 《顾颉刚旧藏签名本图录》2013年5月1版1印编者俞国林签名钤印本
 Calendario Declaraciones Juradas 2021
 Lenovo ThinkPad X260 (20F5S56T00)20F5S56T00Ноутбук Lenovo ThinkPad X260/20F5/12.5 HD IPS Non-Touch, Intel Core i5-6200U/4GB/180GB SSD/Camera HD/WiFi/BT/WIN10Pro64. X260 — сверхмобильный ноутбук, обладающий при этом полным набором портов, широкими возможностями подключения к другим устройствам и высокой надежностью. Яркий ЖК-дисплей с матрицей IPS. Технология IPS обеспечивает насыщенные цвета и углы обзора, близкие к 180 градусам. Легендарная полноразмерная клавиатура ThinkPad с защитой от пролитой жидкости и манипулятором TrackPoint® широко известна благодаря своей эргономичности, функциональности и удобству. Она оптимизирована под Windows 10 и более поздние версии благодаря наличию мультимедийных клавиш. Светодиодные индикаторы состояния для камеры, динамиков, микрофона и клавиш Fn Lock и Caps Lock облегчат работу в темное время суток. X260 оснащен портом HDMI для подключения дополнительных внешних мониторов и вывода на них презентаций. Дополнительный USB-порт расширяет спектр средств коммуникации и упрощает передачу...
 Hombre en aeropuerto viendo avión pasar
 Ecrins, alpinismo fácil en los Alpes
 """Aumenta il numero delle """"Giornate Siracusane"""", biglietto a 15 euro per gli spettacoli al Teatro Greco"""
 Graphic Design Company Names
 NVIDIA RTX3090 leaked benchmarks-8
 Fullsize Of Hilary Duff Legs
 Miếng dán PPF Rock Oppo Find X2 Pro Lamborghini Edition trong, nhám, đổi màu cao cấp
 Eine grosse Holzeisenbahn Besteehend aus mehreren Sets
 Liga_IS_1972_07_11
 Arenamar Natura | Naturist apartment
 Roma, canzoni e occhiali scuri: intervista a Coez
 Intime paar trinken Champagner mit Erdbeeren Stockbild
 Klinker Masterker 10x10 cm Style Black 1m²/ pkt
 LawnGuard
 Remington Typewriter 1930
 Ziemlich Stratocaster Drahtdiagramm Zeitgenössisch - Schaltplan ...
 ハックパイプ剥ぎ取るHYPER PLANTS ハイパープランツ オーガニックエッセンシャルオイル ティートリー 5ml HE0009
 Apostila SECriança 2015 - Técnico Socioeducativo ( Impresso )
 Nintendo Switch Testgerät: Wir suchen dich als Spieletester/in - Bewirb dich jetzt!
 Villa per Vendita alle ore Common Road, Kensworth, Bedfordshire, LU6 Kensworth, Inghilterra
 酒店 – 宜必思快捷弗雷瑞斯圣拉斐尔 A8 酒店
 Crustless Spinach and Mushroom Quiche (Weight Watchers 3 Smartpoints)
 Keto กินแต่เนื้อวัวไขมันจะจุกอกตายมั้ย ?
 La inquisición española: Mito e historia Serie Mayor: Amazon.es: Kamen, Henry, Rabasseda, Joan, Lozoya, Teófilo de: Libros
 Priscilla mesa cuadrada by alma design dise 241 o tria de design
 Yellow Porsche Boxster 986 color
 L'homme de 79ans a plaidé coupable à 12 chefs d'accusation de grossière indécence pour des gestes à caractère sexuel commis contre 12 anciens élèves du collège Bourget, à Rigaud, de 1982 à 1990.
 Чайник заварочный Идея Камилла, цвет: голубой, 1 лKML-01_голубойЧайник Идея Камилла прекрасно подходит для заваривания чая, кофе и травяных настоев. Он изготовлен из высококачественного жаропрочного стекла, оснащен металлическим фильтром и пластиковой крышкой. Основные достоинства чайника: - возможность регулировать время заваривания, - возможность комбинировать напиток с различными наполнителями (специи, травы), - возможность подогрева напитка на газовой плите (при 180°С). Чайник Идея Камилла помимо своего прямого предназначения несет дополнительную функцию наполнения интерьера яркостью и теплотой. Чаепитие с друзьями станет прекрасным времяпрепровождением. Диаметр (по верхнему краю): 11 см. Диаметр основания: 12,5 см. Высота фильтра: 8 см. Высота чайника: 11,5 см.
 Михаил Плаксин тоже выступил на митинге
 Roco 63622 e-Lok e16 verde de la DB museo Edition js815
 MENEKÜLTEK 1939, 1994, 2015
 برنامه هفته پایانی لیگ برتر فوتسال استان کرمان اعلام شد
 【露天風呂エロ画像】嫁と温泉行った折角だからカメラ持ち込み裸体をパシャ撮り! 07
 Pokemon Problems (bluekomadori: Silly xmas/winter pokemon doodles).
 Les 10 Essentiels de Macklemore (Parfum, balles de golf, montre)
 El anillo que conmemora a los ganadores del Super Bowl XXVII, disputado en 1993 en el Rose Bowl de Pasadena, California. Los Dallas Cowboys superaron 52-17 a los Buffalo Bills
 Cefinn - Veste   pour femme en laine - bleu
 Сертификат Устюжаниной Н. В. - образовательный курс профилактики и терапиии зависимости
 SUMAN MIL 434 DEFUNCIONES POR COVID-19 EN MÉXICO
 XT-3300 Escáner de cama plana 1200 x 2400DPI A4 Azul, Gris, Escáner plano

- [Prompt]:
Each line in the listing above that contains "pour" should be copied.

- [Solution to the exercise]:
 L'homme de 79ans a plaidé coupable à 12 chefs d'accusation de grossière indécence pour des gestes à caractère sexuel commis contre 12 anciens élèves du collège Bourget, à Rigaud, de 1982 à 1990.
 Cefinn - Veste   pour femme en laine - bleu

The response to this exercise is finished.